Exercise data Block Start

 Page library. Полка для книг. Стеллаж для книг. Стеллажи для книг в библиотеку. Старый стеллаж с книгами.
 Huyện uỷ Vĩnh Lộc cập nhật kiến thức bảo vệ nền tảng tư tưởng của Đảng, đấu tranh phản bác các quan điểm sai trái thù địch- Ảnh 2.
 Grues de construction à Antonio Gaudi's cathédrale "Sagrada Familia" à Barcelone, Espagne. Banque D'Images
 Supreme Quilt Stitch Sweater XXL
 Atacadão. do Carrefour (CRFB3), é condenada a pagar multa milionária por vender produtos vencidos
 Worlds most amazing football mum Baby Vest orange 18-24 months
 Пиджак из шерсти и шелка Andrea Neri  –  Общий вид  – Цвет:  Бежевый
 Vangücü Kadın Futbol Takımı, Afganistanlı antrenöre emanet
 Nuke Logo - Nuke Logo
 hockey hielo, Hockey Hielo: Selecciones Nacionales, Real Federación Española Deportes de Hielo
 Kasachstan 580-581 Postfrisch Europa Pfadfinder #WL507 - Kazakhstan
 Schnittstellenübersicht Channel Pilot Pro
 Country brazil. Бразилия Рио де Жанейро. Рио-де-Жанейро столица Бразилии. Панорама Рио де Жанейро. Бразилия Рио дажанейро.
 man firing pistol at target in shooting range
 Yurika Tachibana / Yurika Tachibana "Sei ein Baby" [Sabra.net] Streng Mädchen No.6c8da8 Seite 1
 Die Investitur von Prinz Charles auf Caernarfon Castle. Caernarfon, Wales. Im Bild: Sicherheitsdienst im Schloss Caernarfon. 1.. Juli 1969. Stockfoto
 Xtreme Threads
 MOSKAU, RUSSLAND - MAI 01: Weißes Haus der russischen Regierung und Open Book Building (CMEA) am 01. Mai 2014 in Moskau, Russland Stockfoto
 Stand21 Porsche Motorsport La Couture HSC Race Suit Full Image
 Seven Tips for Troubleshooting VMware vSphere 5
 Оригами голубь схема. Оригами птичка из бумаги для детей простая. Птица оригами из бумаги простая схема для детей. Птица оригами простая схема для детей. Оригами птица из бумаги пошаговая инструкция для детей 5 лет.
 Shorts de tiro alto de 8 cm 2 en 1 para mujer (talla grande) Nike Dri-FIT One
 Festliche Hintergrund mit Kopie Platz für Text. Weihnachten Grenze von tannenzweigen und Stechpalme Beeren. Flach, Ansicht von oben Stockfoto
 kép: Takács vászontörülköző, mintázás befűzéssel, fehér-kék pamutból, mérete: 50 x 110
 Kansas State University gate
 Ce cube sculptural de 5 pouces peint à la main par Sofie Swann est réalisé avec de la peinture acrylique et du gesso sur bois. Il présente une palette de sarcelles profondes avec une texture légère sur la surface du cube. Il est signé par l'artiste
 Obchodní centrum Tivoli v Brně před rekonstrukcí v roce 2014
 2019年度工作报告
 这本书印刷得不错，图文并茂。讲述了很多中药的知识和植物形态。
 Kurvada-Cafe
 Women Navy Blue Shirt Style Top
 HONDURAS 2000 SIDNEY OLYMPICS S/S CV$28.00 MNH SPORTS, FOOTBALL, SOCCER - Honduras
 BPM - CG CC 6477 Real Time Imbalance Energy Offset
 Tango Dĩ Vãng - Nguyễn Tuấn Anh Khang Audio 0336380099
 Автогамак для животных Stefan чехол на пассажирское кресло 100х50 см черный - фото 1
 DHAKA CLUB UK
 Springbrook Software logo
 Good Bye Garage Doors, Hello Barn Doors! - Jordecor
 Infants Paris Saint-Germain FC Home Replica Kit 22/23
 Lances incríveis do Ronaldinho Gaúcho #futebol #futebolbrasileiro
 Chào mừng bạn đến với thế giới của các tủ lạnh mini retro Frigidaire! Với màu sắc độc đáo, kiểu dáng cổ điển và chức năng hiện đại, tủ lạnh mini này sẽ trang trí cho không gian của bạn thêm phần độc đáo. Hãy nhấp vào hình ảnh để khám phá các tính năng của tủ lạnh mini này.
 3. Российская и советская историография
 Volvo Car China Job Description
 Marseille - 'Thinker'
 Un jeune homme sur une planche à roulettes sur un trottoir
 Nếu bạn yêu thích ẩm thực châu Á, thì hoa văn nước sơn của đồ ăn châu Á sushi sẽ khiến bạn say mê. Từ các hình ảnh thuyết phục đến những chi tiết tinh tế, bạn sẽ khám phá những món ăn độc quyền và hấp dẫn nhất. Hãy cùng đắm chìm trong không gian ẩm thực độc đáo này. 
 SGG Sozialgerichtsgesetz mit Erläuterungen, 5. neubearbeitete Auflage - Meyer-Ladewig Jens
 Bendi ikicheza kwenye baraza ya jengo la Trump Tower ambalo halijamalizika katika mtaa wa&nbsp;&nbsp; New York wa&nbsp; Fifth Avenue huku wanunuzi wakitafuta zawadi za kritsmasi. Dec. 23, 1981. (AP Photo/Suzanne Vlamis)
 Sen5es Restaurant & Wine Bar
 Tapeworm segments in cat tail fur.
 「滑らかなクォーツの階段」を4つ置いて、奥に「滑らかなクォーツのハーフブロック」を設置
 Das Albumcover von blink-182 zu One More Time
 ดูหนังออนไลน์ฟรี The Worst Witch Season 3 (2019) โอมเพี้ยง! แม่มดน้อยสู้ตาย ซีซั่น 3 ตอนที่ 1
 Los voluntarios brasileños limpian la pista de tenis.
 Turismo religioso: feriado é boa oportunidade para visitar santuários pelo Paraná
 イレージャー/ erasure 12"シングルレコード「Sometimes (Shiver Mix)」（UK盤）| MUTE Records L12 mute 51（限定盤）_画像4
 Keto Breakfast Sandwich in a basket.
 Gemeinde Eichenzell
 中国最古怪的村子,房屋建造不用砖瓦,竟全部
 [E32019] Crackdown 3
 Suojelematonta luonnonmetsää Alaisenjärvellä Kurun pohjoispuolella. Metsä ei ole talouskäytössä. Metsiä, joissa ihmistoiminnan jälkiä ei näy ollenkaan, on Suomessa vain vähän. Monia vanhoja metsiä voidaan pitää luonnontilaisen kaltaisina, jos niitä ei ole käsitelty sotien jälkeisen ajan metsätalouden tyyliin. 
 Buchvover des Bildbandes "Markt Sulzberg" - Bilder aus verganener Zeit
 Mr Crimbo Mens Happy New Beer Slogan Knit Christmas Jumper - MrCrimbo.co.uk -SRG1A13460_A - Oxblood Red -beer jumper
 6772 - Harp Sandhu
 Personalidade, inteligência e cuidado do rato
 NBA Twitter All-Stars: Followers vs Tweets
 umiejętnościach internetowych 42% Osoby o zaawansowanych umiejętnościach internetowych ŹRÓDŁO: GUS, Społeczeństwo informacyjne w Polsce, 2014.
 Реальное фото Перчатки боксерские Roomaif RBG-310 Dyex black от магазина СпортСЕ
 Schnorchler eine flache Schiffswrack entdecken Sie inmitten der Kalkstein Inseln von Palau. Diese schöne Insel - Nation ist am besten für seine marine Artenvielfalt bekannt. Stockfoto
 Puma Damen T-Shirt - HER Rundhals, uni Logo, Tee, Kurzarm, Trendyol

Exercise data Block End

| Prompt |
Beginning at the line with "Schnittstellenübersicht Channel Pilot Pro" and stopping after the line with "man firing pistol", please write out every line of the data above exactly and nothing else.

| Response to this task |
 Schnittstellenübersicht Channel Pilot Pro
 Country brazil. Бразилия Рио де Жанейро. Рио-де-Жанейро столица Бразилии. Панорама Рио де Жанейро. Бразилия Рио дажанейро.
 man firing pistol at target in shooting range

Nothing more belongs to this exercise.